Kirchhoff's Laws are general and can be applied to any type of circuit.

4.1 Kirchhoff's Current Law (KCL)

At any circuit junction, the sum of the currents entering the junction must be equal to the sum of the currents leaving the junction.

\[\sum I_{in} = \sum I_{out}\]

Example: For a junction with four currents:

\[I_1 + I_3 = I_2 + I_4\]

Key Point:

KCL is based on the conservation of charge.

4.2 Kirchhoff's Voltage Law (KVL)

The sum of voltage changes across all the circuit elements found when traversing one direction around any closed circuit-loop must be zero.

\[\sum V = 0\]

Key Point:

KVL is based on the conservation of energy.

Application: When applying KVL:

Choose a direction to traverse the loop
Voltage drops across resistors: \(-IR\) (when moving with current) or \(+IR\) (when moving against current)
EMF sources: \(+E\) (when moving from - to + terminal) or \(-E\) (when moving from + to - terminal)

5. Electrical Instruments

5.1 Galvanometer

A galvanometer detects the presence of current in the branch where it is connected.

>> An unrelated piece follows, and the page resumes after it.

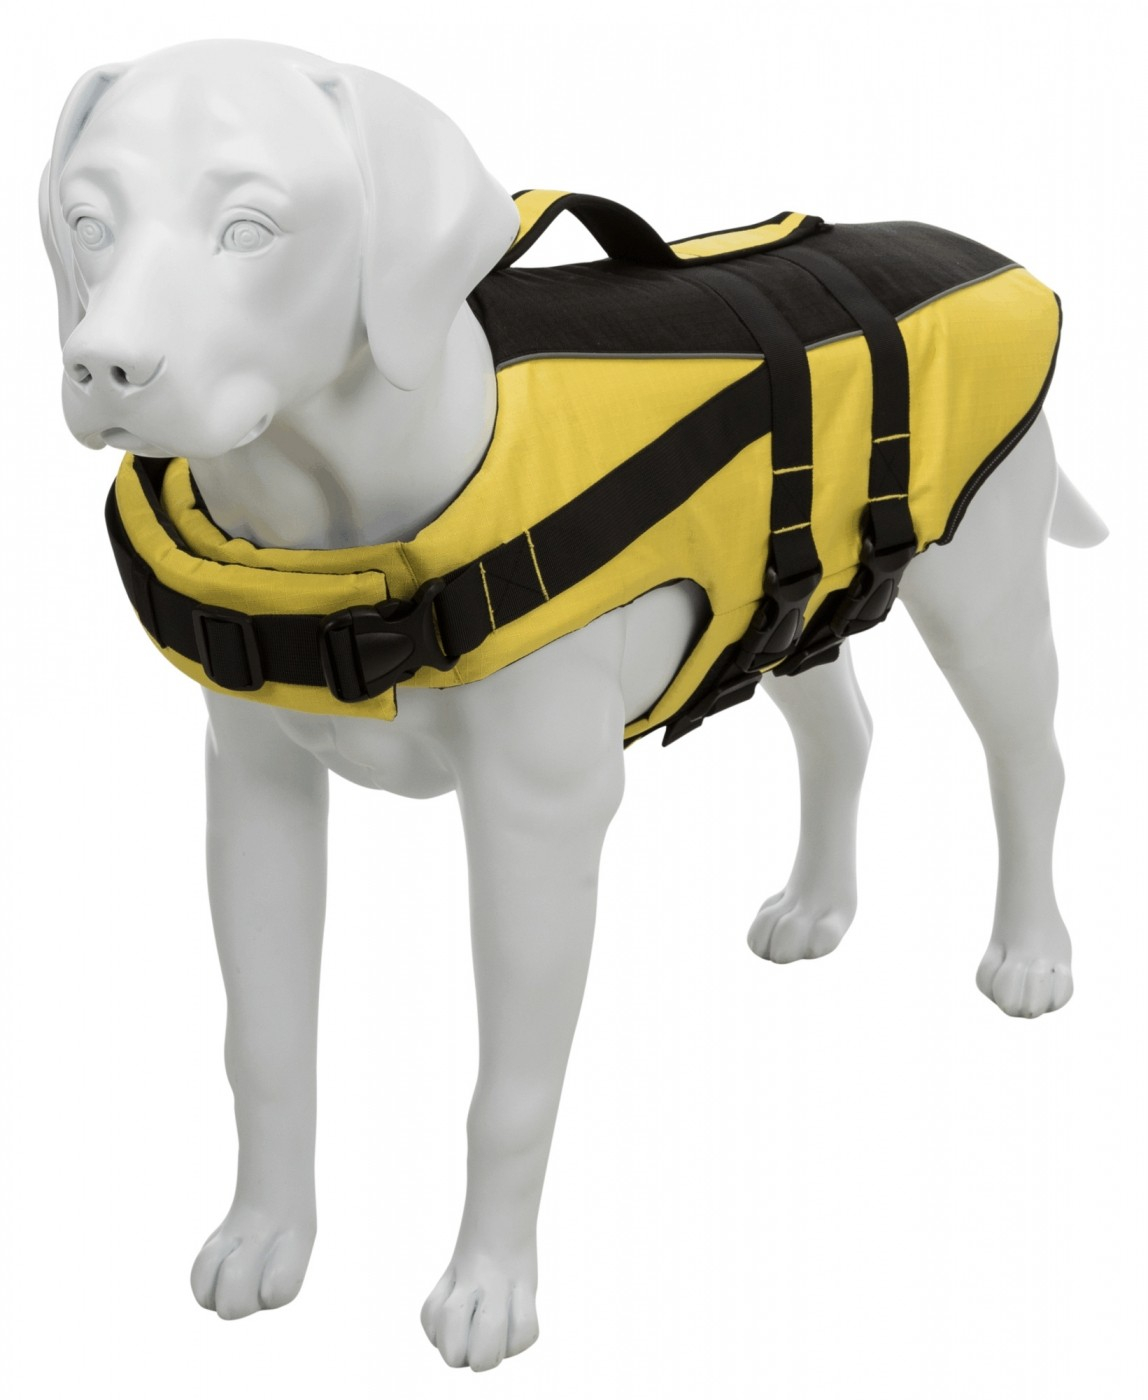 Schwimmweste für Hunde Gelb / Schwarz - in verschiedenen Größen erhältlich
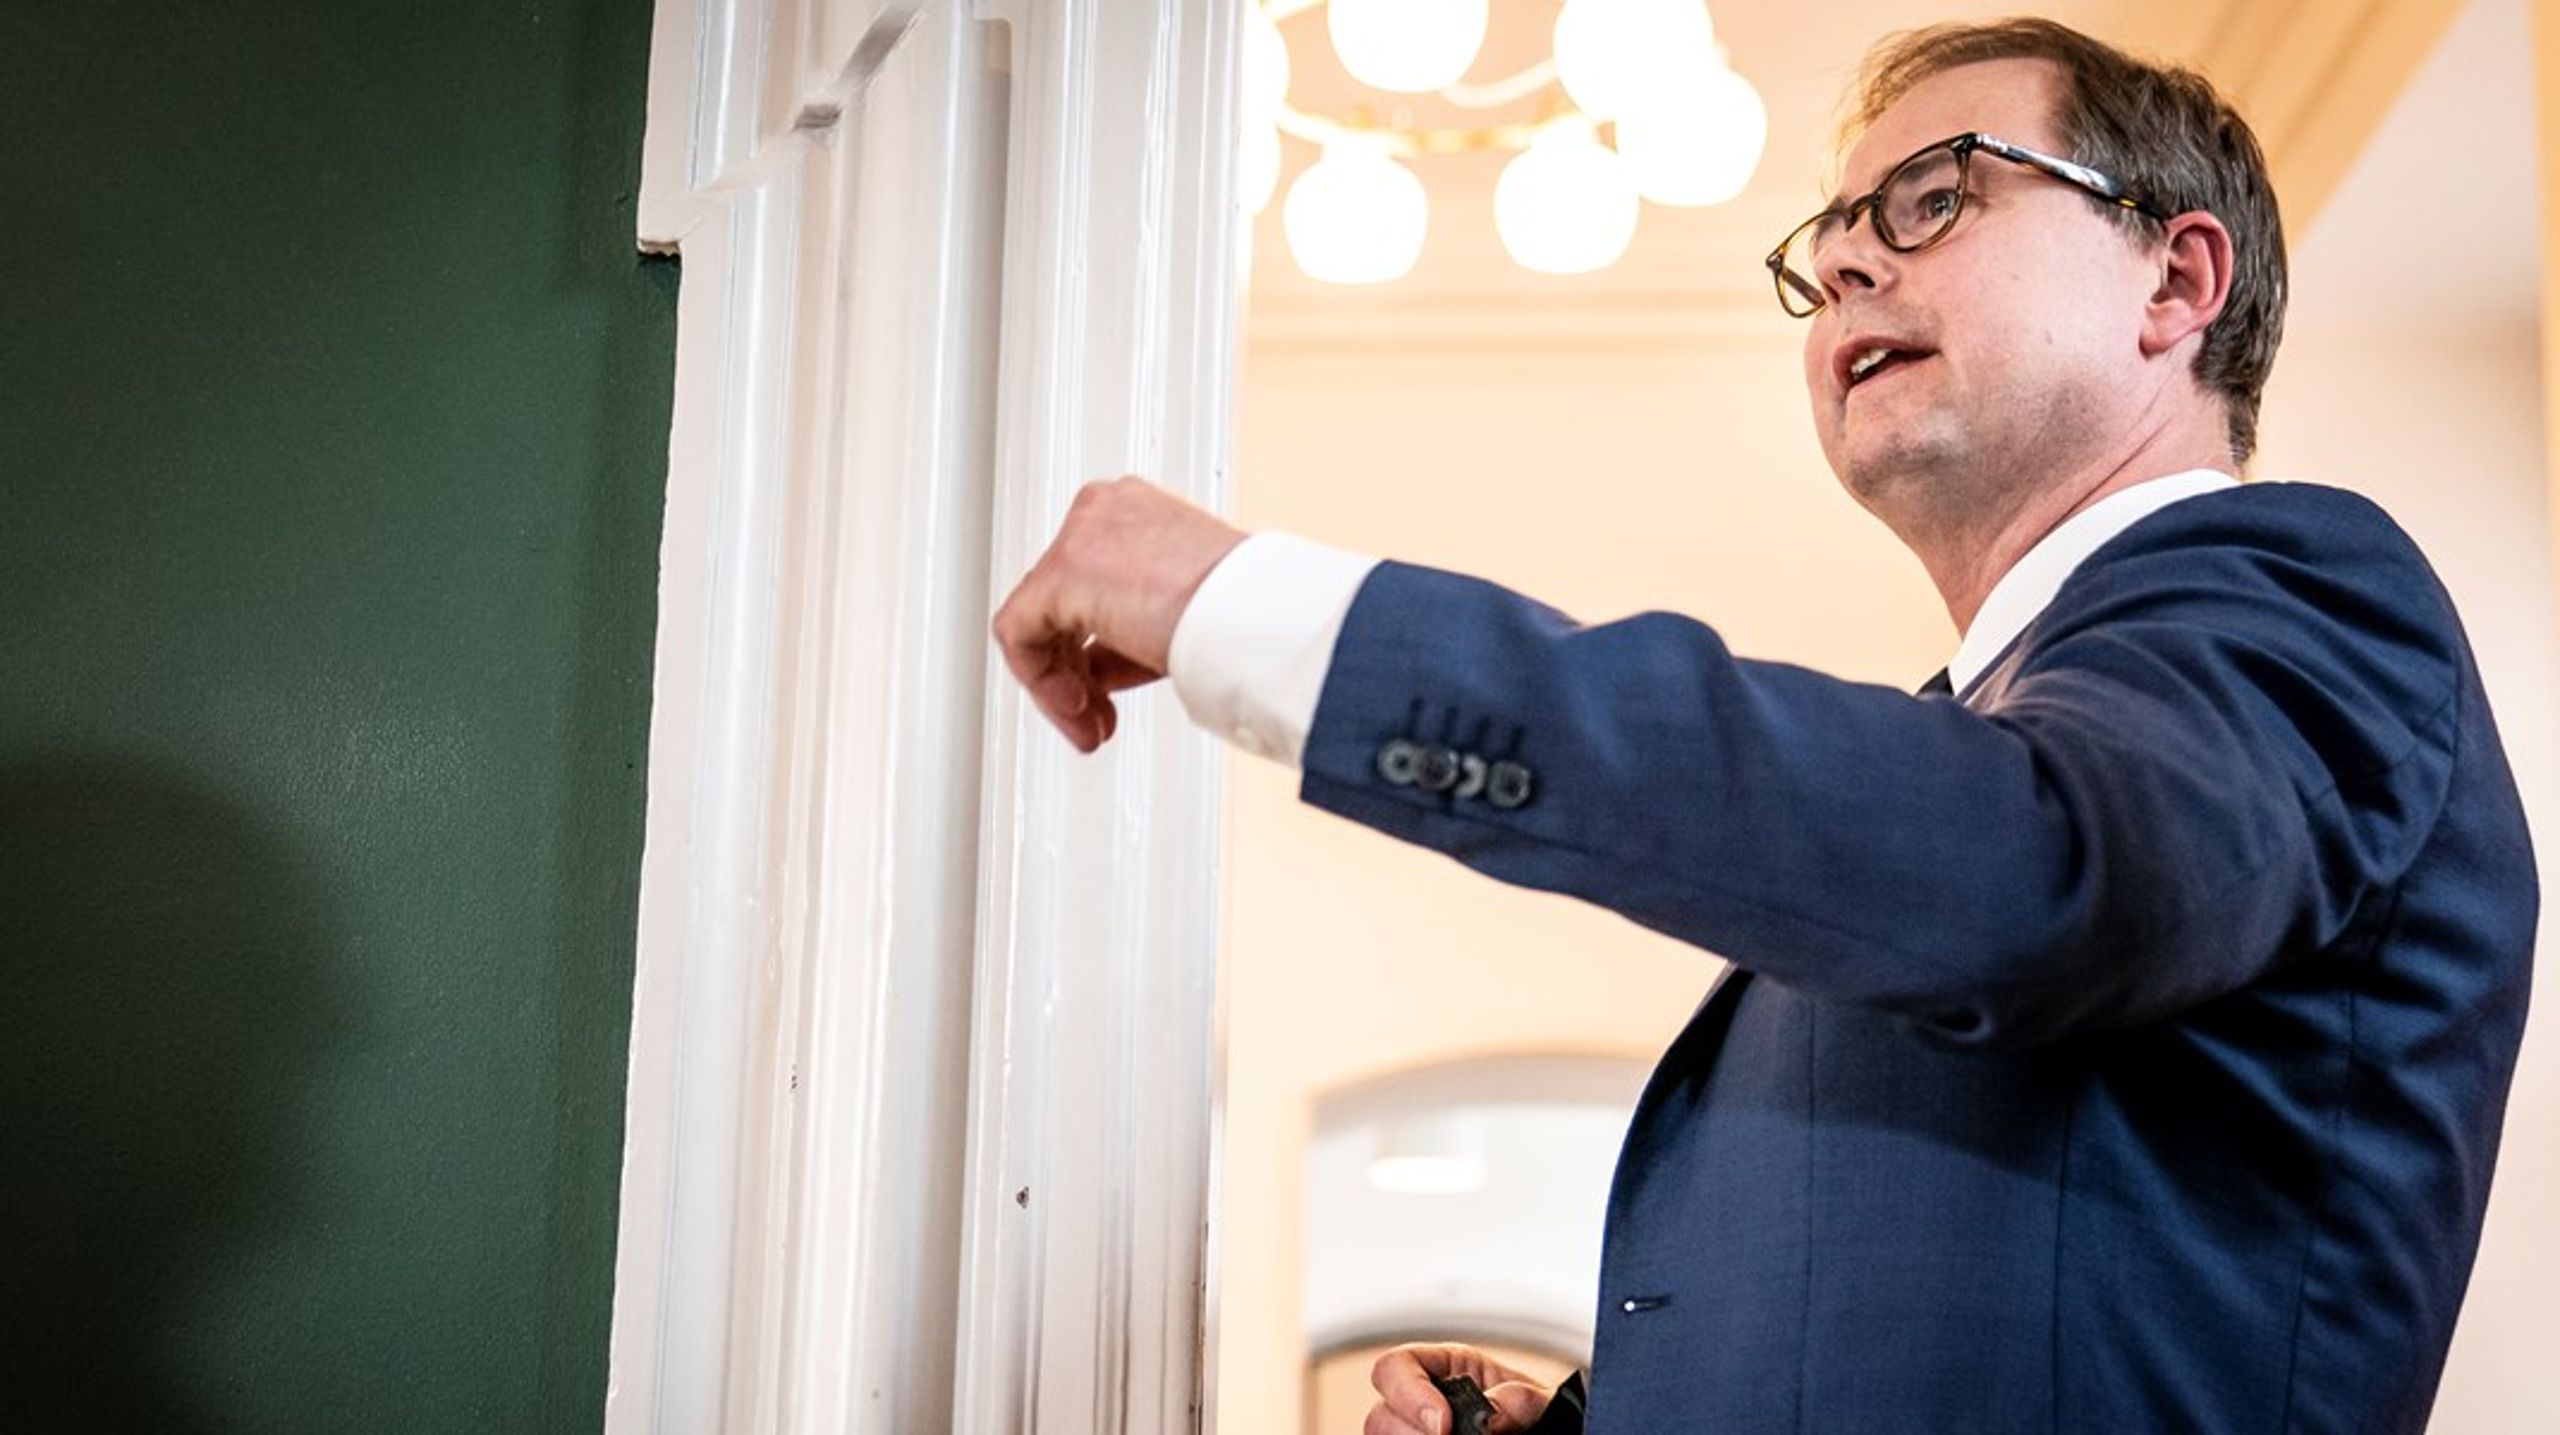 Et folketingssvar fra finansminister Nicolai Wammen (S) afslører, at Økonomistyrelsen har forsøgt at boykotte Vagtservice Danmark "på grund af unormalt lave priser".

An instrument that measures current is called an ammeter
An instrument that measures potential difference is called a voltmeter

5.2 Conversion of Galvanometer to Ammeter

A galvanometer may be converted into an ammeter by connecting a low resistance (called shunt) in parallel to the galvanometer.

\[S = \frac{I_g G}{I - I_g}\]

Where:

\(S\) = shunt resistance
\(G\) = resistance of the galvanometer
\(I_g\) = full scale deflection current of the galvanometer
\(I\) = maximum current to be measured by the ammeter

5.3 Conversion of Galvanometer to Voltmeter

A galvanometer may be converted into a voltmeter by connecting a high resistance in series with the galvanometer.

\[R = \frac{V}{I_g} - G\]

Where:

\(R\) = series resistance
\(V\) = maximum voltage to be measured
\(I_g\) = full scale deflection current of the galvanometer
\(G\) = resistance of the galvanometer

5.4 Wheatstone Bridge

The Wheatstone bridge provides an accurate method of determining the resistance of an unknown resistor.

Wheatstone Bridge: Four resistors arranged in a diamond pattern with a galvanometer in the middle

When the bridge is balanced (no current flows through the galvanometer):

\[\frac{R_1}{R_2} = \frac{R_4}{R_3}\]

If \(R_3\) is the unknown resistance:

\[R_3 = R_2 \times \frac{R_4}{R_1}\]

5.5 Potentiometer

A potentiometer is an instrument that allows one to compare unknown EMF with a standard EMF. It is a null device, like the Wheatstone bridge.

Advantages of Potentiometer:

Measures the true EMF of a cell (unlike a voltmeter which measures terminal potential difference)
Does not draw any current from the cell when measuring EMF
More accurate than direct measurement with a voltmeter